The applications cache size can be set in sizes of memory pages. There is no support for transaction optimizations. Objectivity/DB supports hash indexing of containers.
There is no manual lock release in Objectivity/DB. If a lockserver is running and has a lock on the federal database, it cannot be released. The lockserver must first be terminated. In a UNIX system this is not a problem since started processes from a user can be killed. In Windows NT this is cannot be done as user or as administrator. The problem leads to that the system has to be rebooted. The lockserver can be stopped from NT but this does not help, and of course uses Objectivity safety first here, if the lockserver is down and data still can be accessed, the database can enter an inconsistent state.

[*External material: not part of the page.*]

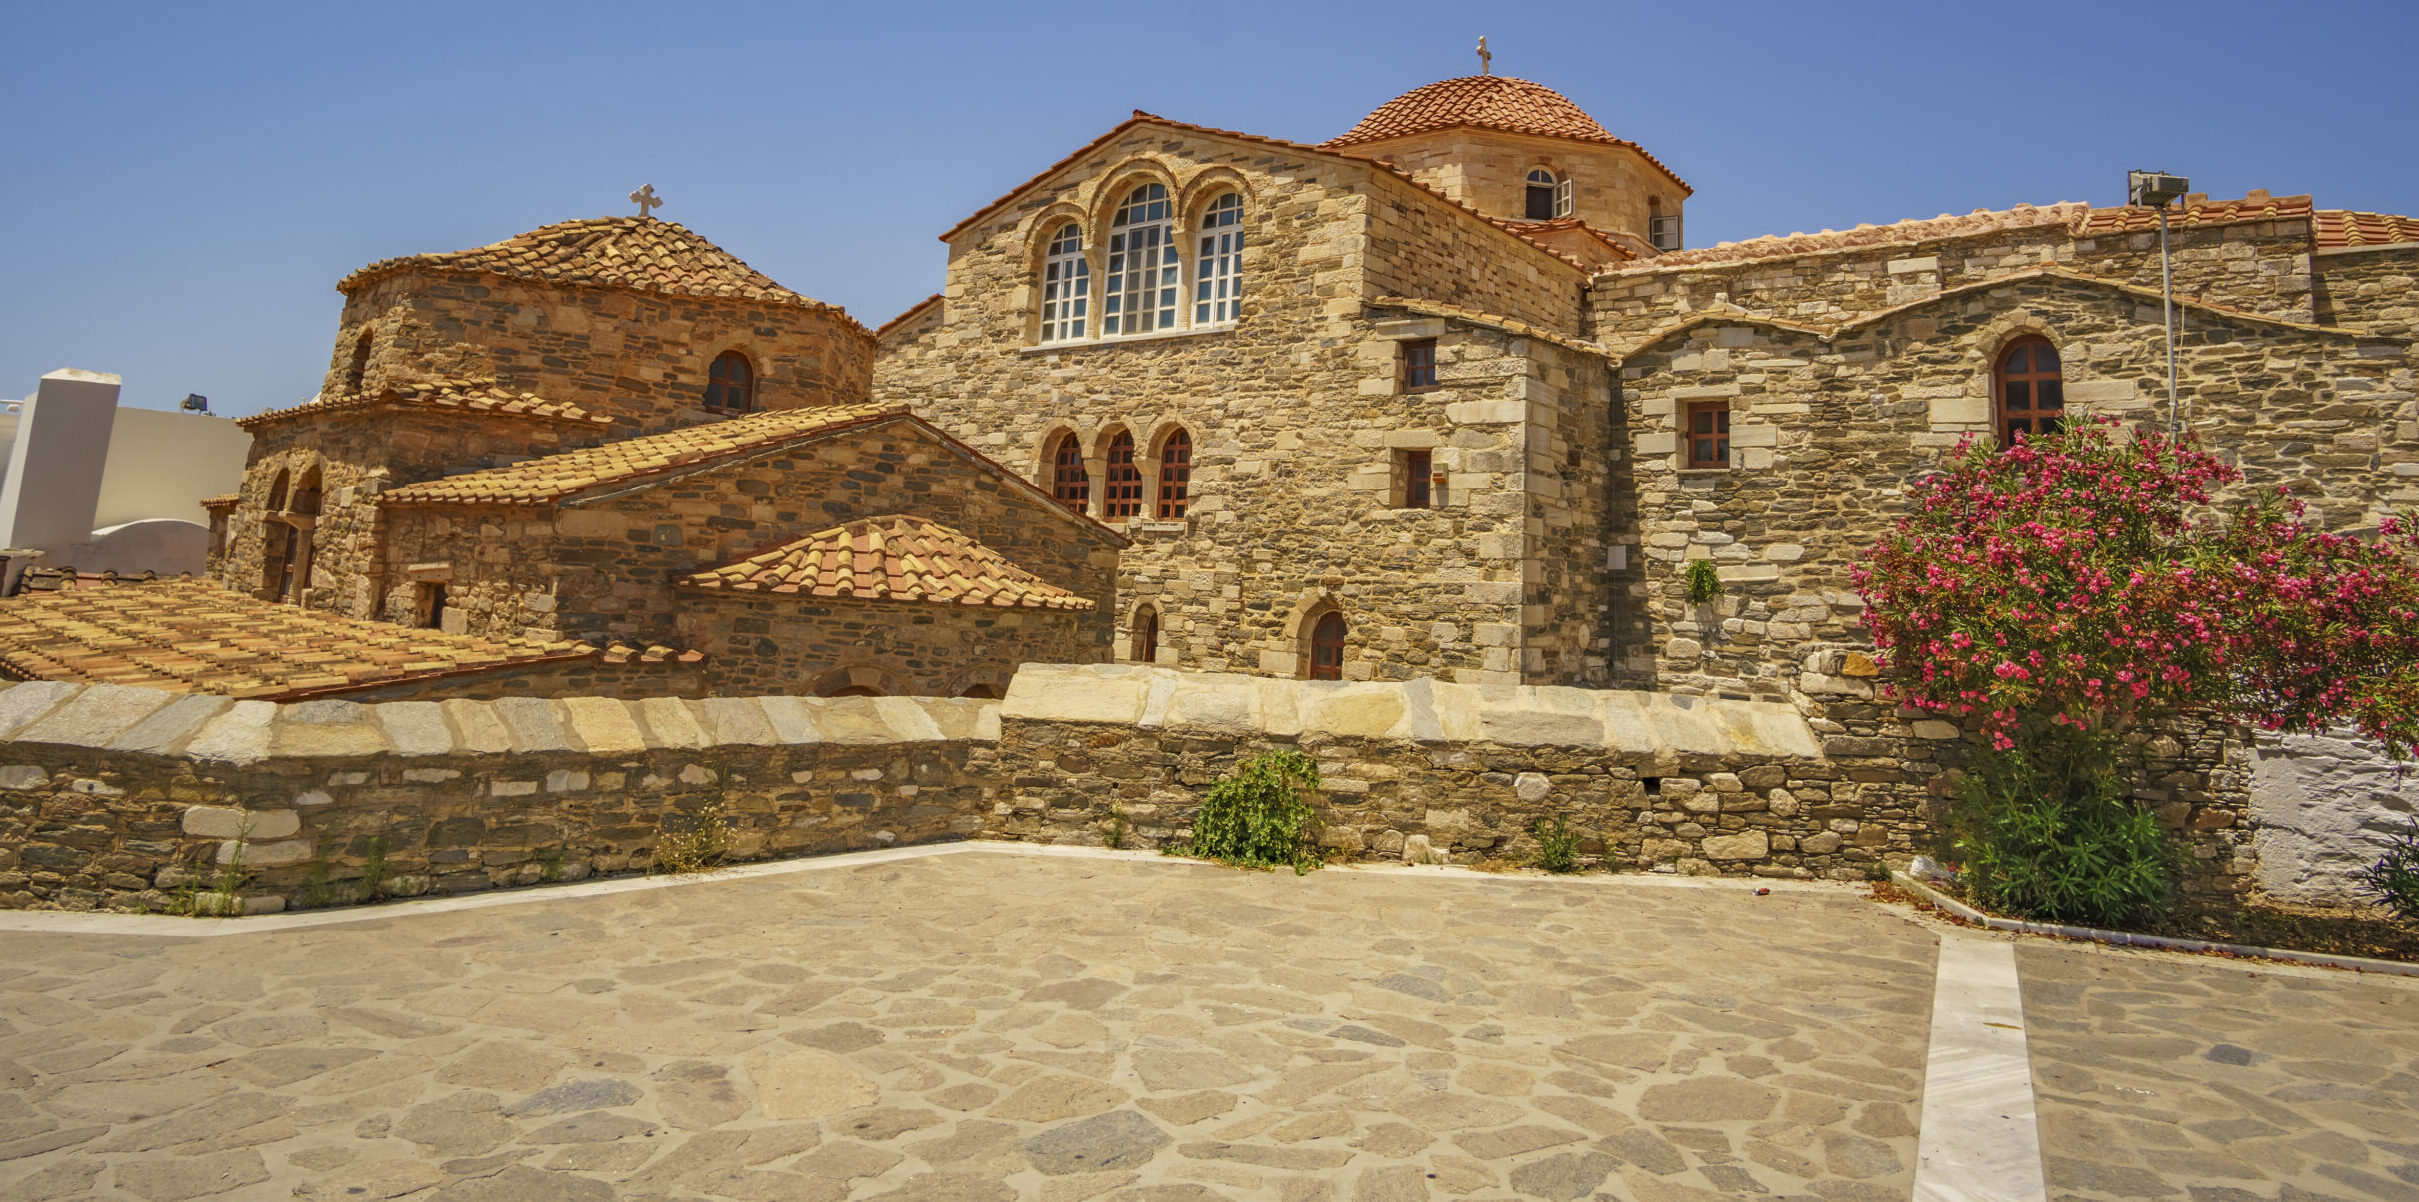 Paros-Panagia Ekatontapyliani: A storm gave birth to this jewelry

6.1.2 Object-oriented features
• Complex objects
Objects are created using the facilities of C and C++, Objectivity/DB also offers uni- and bi-directional associations between objects.
• Object identity
Objectivity/DB uses a 64 bits OID that contains information about the location of the object.
• Encapsulation
Attributes and methods are encapsulated through the class architecture of the different program languages that has an Objectivity/DB binding.
• Classes and inheritance
Objectivity/DB supports class architecture and inheritance through the bindings to object-oriented programming languages.
• Overriding, overloading and dynamic binding
Objectivity/DB supports overriding, overloading and dynamic binding through the bindings to object-oriented programming languages.
6.1.3 Realtime features
• Determinism
Objectivity/DB has support for blocking processes for a specified period of time.
If no answer is received during the period an error code is returned.
• Parallelism
In Objectivity/DB transactions are managed by a lockserver that grants or rejects access to database objects.
• Event handling
Event Notification Services in Objectivity/DB support event handling.
Objectivity/DB is developed for UNIX and is ported to the tested NT version. The product is row based, and thereby not integrated into the Windows environment.
6.1.4 User friendly 6.1.4.1 Documentation
Objectivity supplies documentation for delivered products.
In the documentation, is the fundamental rows of easy examples often left out, even if the source is only one row it is usually removed and replaced with a comment that says: Here the code should be, or here we set these variables. If you
want to know how these variables are set it is only shown once and is described in text, for example with handlers. Simple examples are an easy way to learn the product fast, by creating own simple examples and viewing the result. If the fundamental rows are not described in all chapters is acceptable but they should be written out in the first chapters, were inexperienced users that struggles with their first programs try to find answers.
Some important material, that effects design and implementation, can only be found in the supplement book. For example the non-support for unions is not mentioned in "user manual".
6.1.4.2 Support
During the work Objectivity has provided free support through their Swedish distributor Norsys Technology. Most of the support is managed through email, but also through telephone. A short introduction was also given from Norsys during installation of the product.
6.1.4.3 Tools
Objectivity/DB provides three browsing facilities:
• Type Browser
• Data Browser
• Query Browser
The oobrowser is an application program for viewing the database.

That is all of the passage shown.